→ **What you have to do**
From the entries below, print exactly the span beginning with the line holding "YueLJB Maple Canada" and ending with the line holding "legends of tomorrow.", endpoints included, and skip any pictures.

→ **Entries provided**
╔══

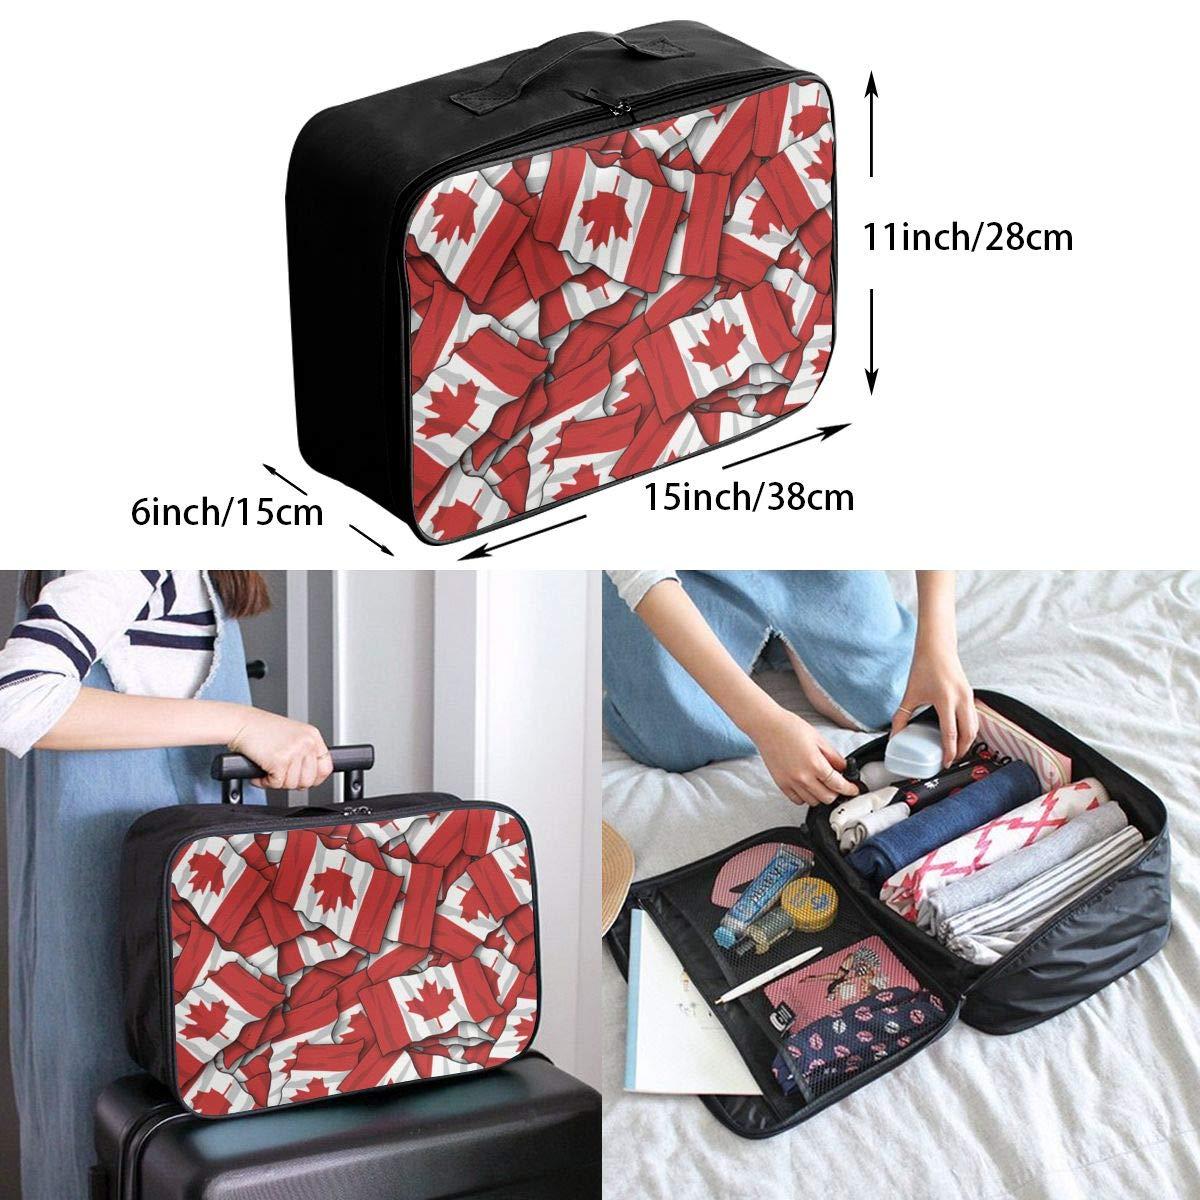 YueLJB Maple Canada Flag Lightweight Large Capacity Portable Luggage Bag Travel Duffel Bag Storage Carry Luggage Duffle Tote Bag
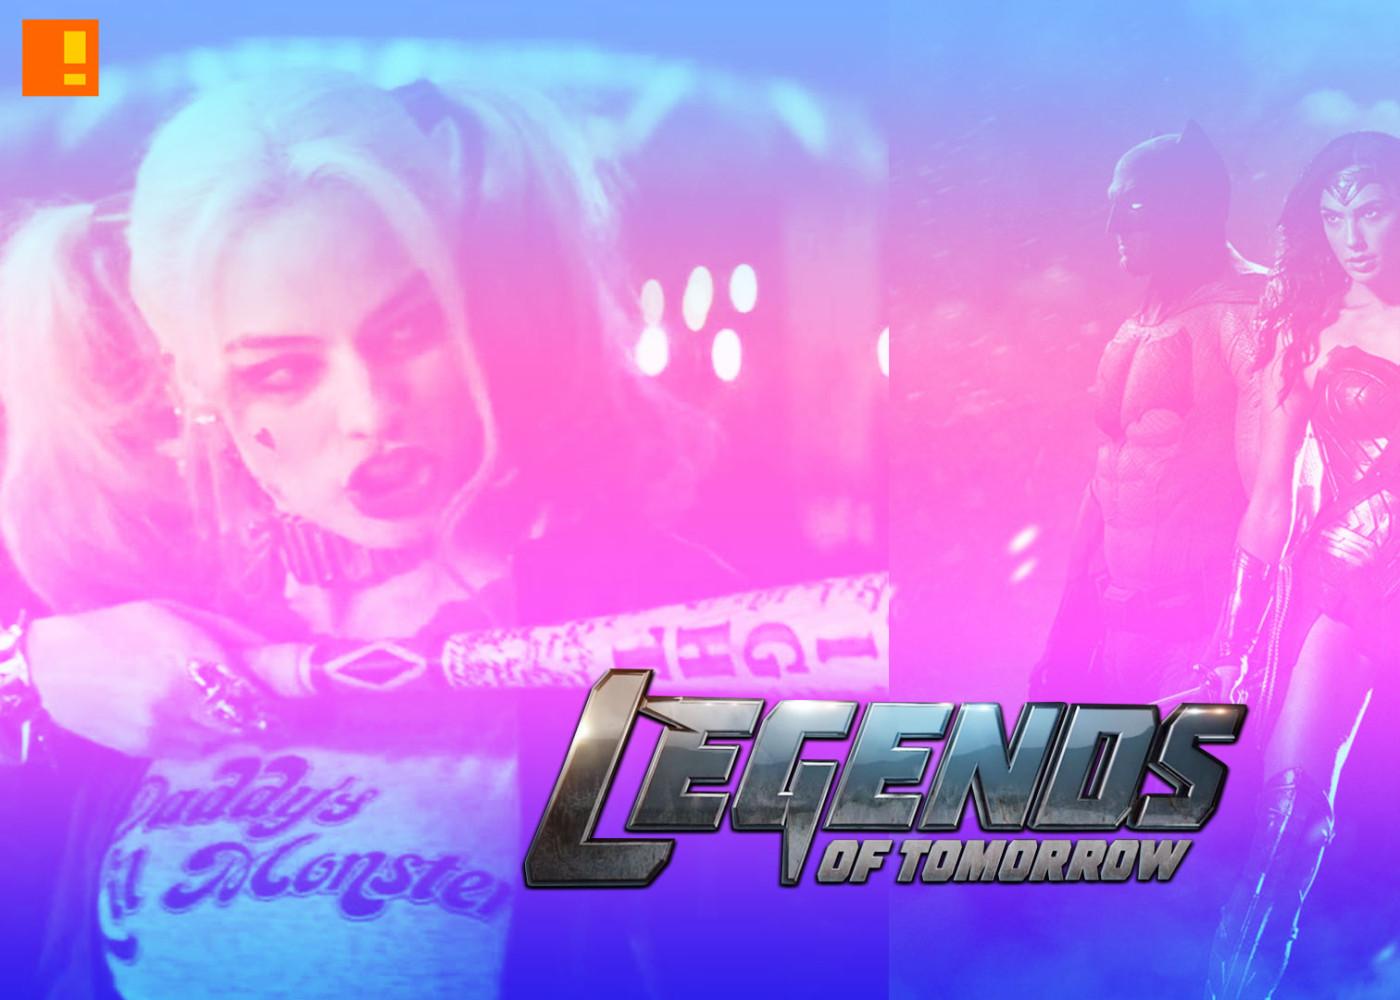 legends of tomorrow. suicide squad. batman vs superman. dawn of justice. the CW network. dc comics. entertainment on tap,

╚══
╔══

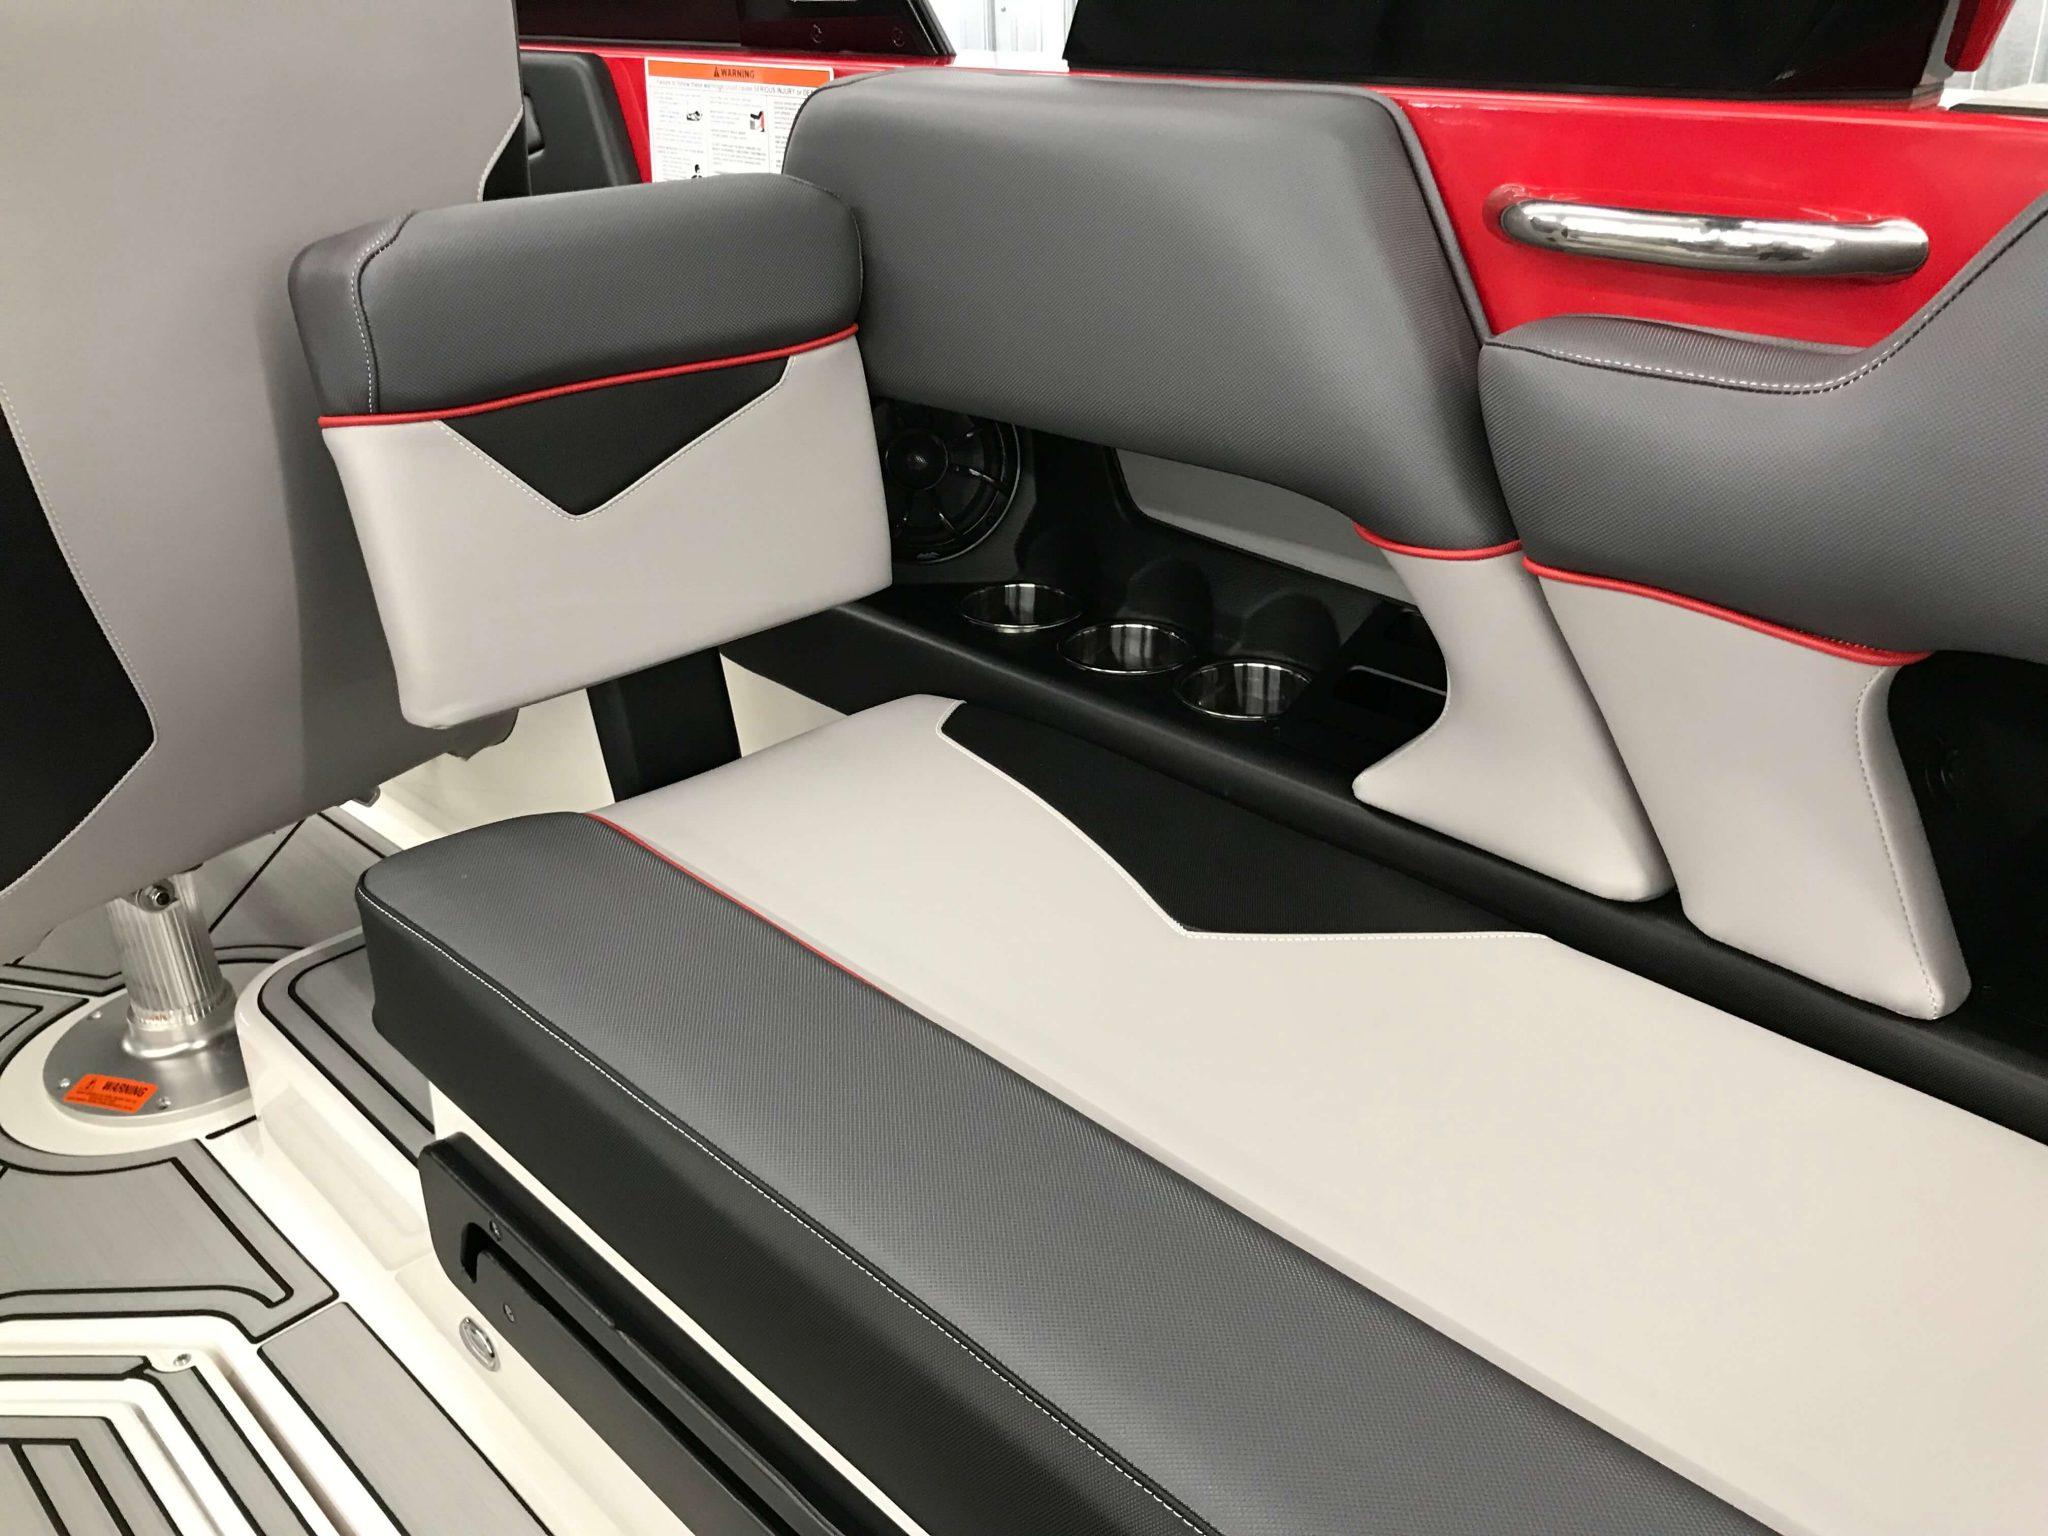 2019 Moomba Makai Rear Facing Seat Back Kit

╚══

→ **Response below**
 YueLJB Maple Canada Flag Lightweight Large Capacity Portable Luggage Bag Travel Duffel Bag Storage Carry Luggage Duffle Tote Bag
 legends of tomorrow. suicide squad. batman vs superman. dawn of justice. the CW network. dc comics. entertainment on tap,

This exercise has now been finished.